Im dritten Viertel hatten die GEQUOS ihre beste Phase: Fokussiert in der Defensive und konsequent im Angriff. Durch einen Dreier von Rüeck und Korbleger von Prasovic und Bubalo bauten sie ihren Vorsprung binnen zweieinhalb Minuten auf 15 Punkte aus. Nach einem kurzen Zwischenspurt der Gastgeber läutete ein Distanzwurf von Prasovic die vorentscheidenden Minuten ein. Am eigenen Korb ließen die GEQUOS nun nichts mehr zu – Langen erzielte bis Viertelende lediglich einen Punkt von der Freiwurflinie. Auf der anderen Seiten suchten und fanden die Karlsruher erfolgreich den freien Mann: Peter Voß erhöhte mit einem Dreipunktspiel auf 53:38, Ristau legte einen Dreier nach. Vrsaljkos Korbleger besorgte die erste 20-Punkte-Führung der Karlsruher in der Partie. Mit einem Freiwurf zum 61:39 setzte Niels Liebchen den Schlusspunkt unter das Viertel.

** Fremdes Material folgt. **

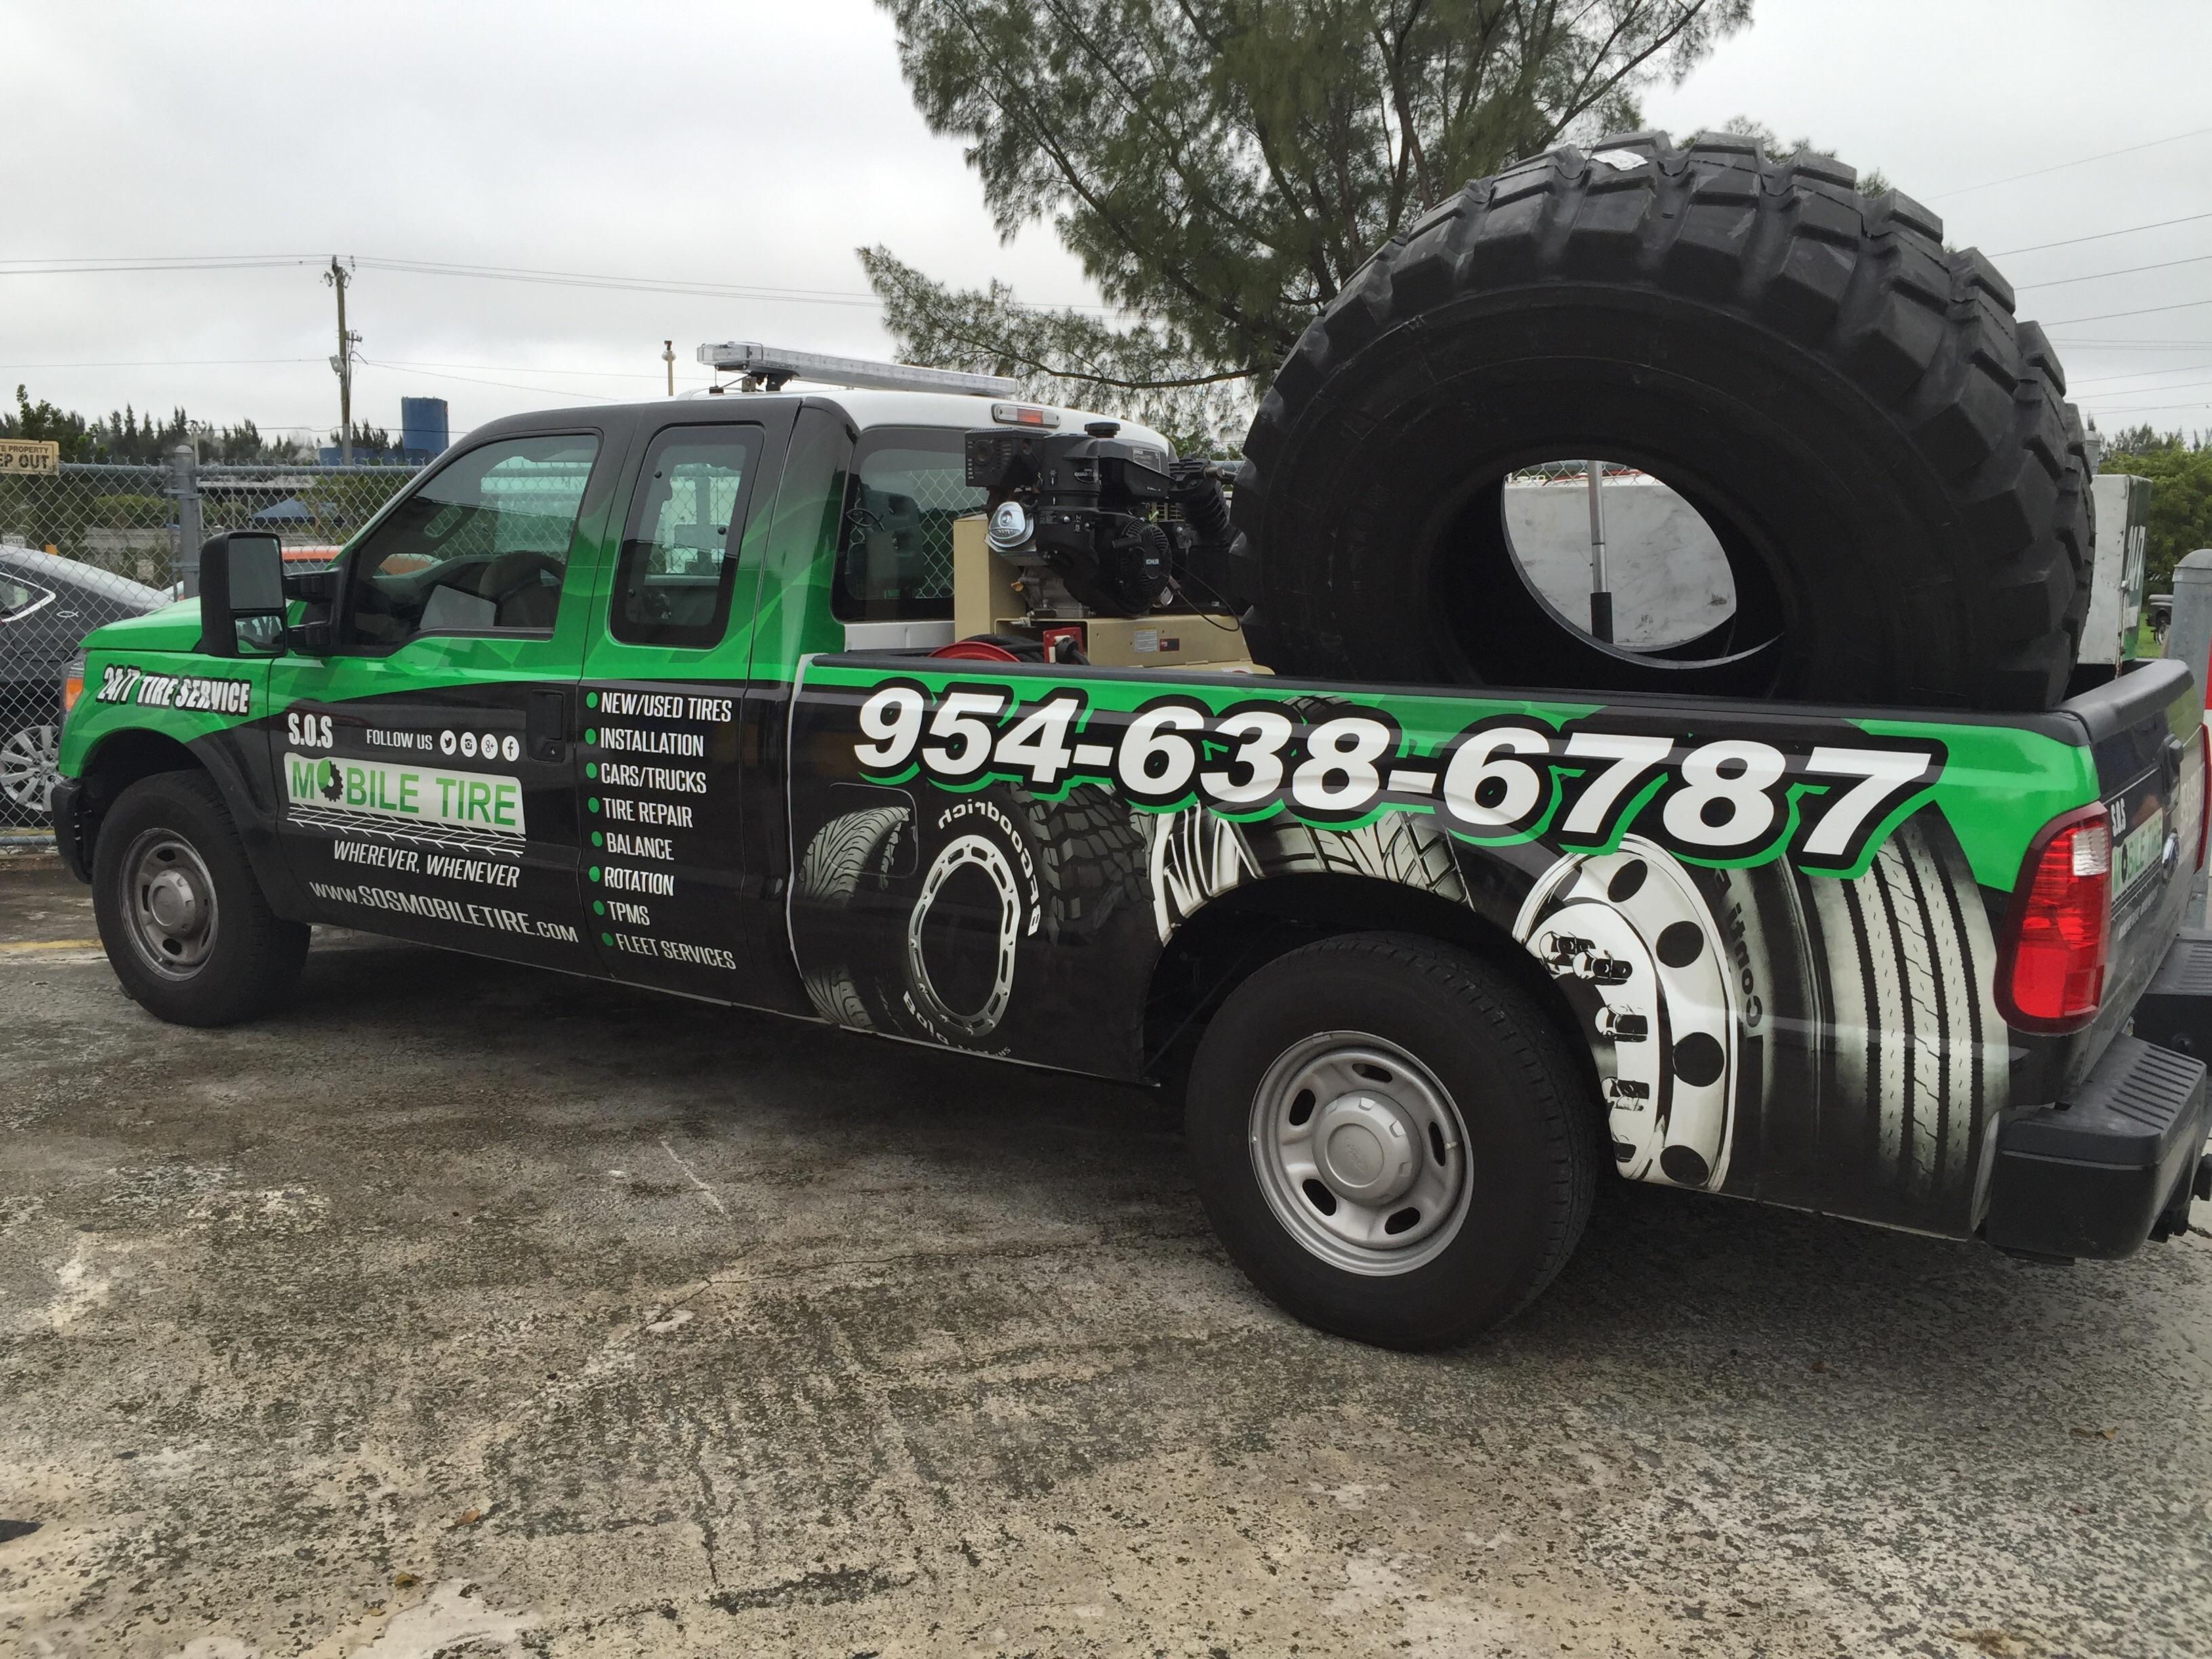 S.O.S Mobile Tire Repair image 3

Im letzten Abschnitt knüpften die Karlsruher zunächst an die gute Leistung an und verteidigten intensiv und erfolgreich. Knapp sieben Minuten vor Schluss brachte Liebchens Freiwurf zum 65:42 die höchste Führung der Partie. Doch irgendwann zwischen der 34. 36. Minute riss der Faden bei den GEQUOS. Aus einem sicheren 69:48 wurde binnen 100 Sekunden ein 69:58. Erst ein Dreier von Ristau beendete den Zehn-Punkte-Lauf der Hausherren, der für eine einigermaßen spannende Schlussphase gesorgt hatte. Doch die Gäste fanden nun in der Offensive ihren Tritt wieder und behielten in den letzten Minuten die Nerven von der Freiwurflinie – so konnte Langen den Rückstand zwischenzeitlich nur noch auf acht Punkte einschmelzen. Am Ende setzten sich die GEQUOS mit 81:70 durch.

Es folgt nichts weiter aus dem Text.